Three interfaces in HBase — Coprocessor, RegionObserver, and Endpoint — implement the coprocessor framework in a flexible manner. The idea behind Coprocessor and RegionObserver is that you can insert user code by overriding upcall methods from these two related interfaces. The coprocessor framework handles the details of invoking the upcalls. More than one Coprocessor or RegionObserver can be loaded to extend function. They are chained to execute sequentially. These sequential coprocessors are ordered on the basis of assigned priorities.
Through an endpoint on the server side and dynamic RPC provided by the client library, you can define your own extensions to HBase RPC transactions exchanged between clients and the region servers.
Bloom Filters were introduced in Chapter 13. Please review the definition if you aren’t sure what they are.

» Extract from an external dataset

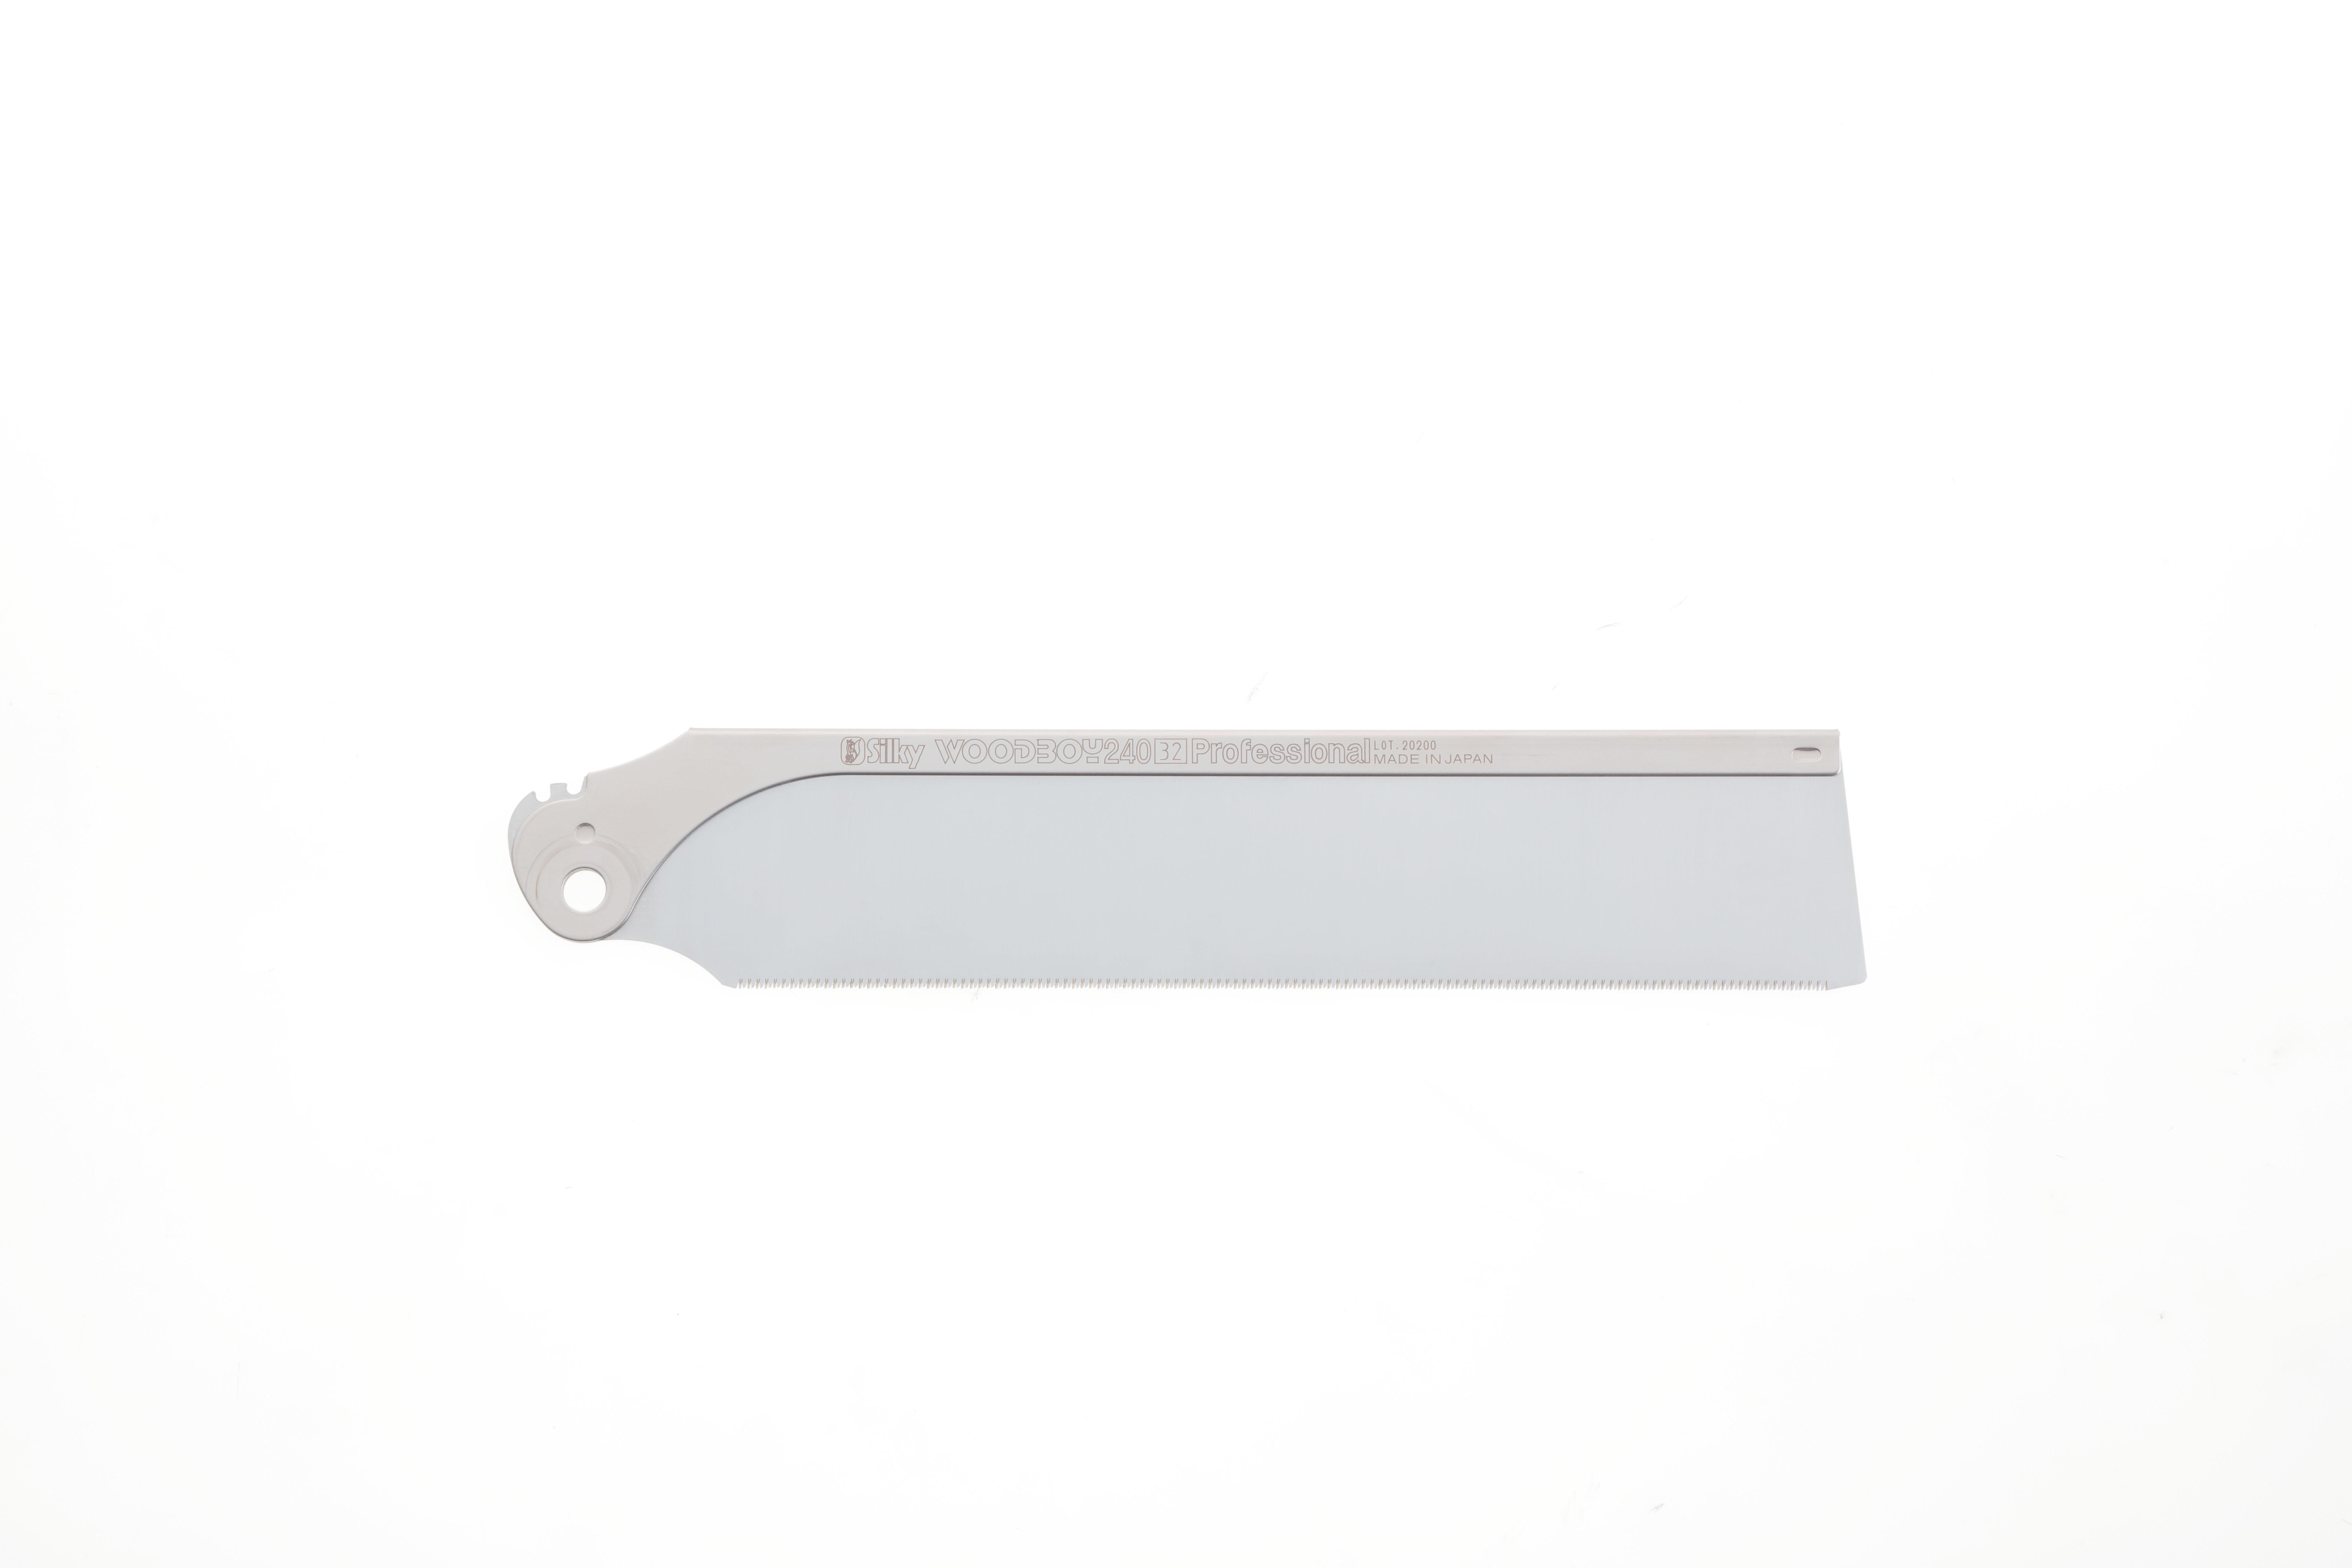 WOODBOY DOZUKI 240 (X-Fine Teeth) Extra blade SI-385-24

A get row call in HBase currently does a parallel N-way get of that row from all StoreFiles in a region. This implies N reads requests from disk. Bloom Filters provide a lightweight in-memory structure to reduce those N disk reads to only the files likely to contain that row.

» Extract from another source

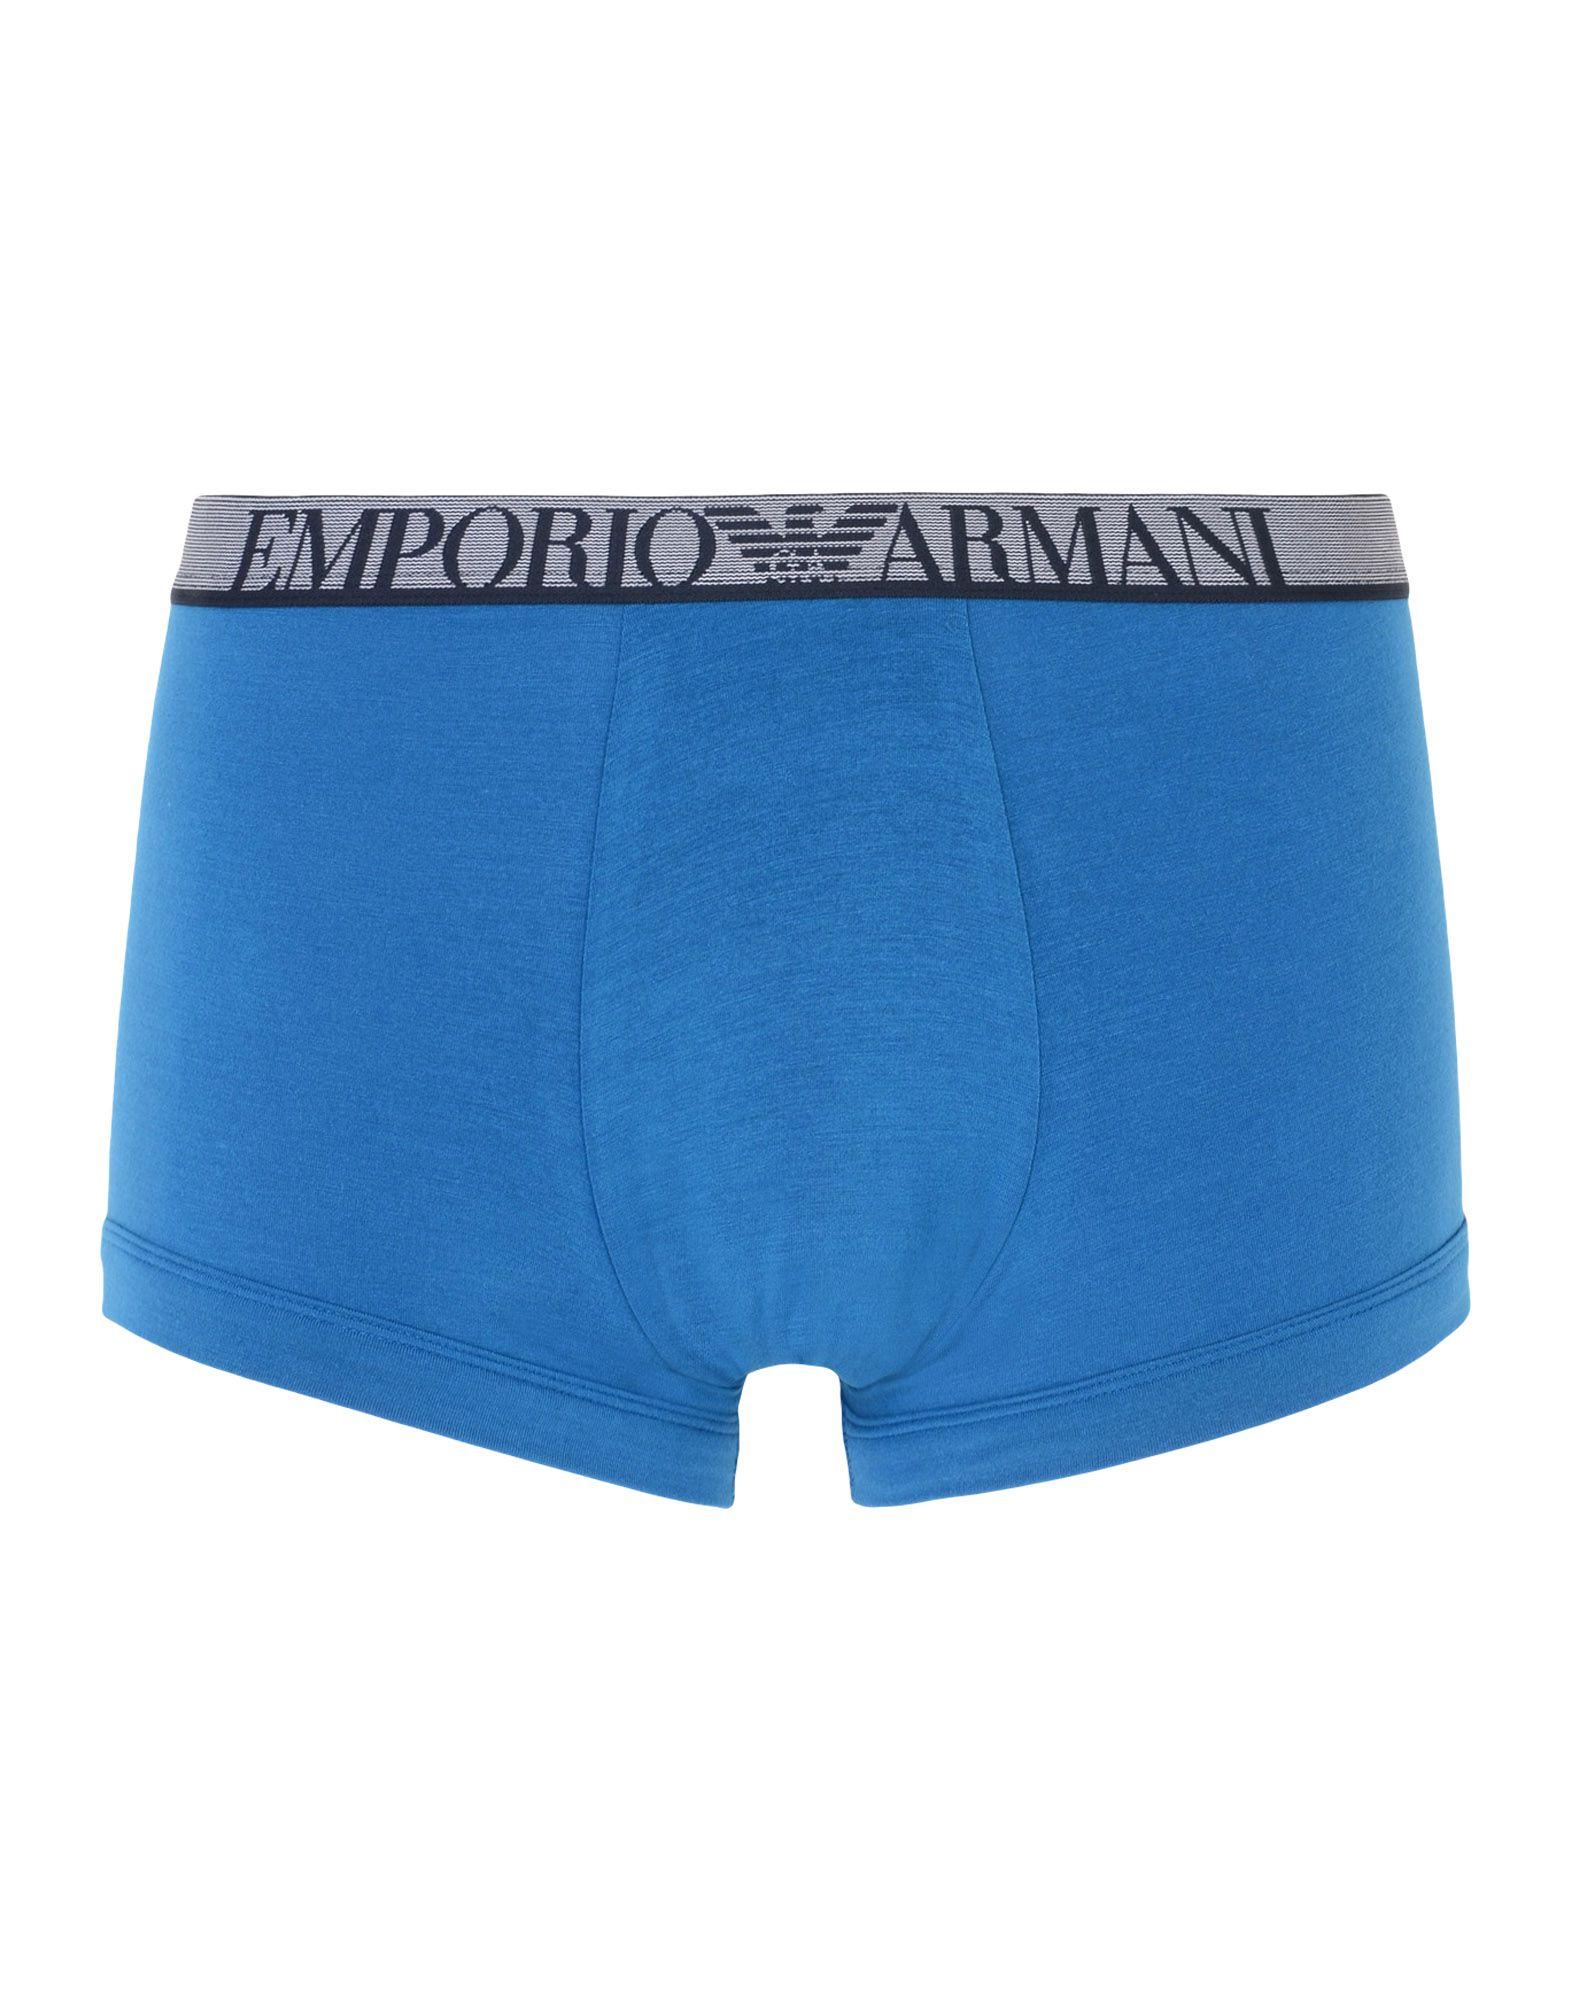 メンズ エンポリオ アルマーニ トランクス ブルー

Reads are in parallel and so the performance gains on an individual get is minimal. Also, read performance is dominated by disk read latency. If you replace parallel get with serial get you would see an impact of Bloom Filters on read latency.
Bloom Filters can be more heavyweight than your data. This is one big reason why they aren’t enabled by default.
This chapter presented a few perspectives on tuning the performance of parallel MapReduce-based processes. The MapReduce algorithm enables the processing of large amounts of data using commodity hardware. Scaling MapReduce algorithms requires some clever configuration. Optimal configuration of MapReduce tasks can tune performance.
The chapter presented a few generic performance-tuning tips but used Hadoop and the associated set of tools for illustration.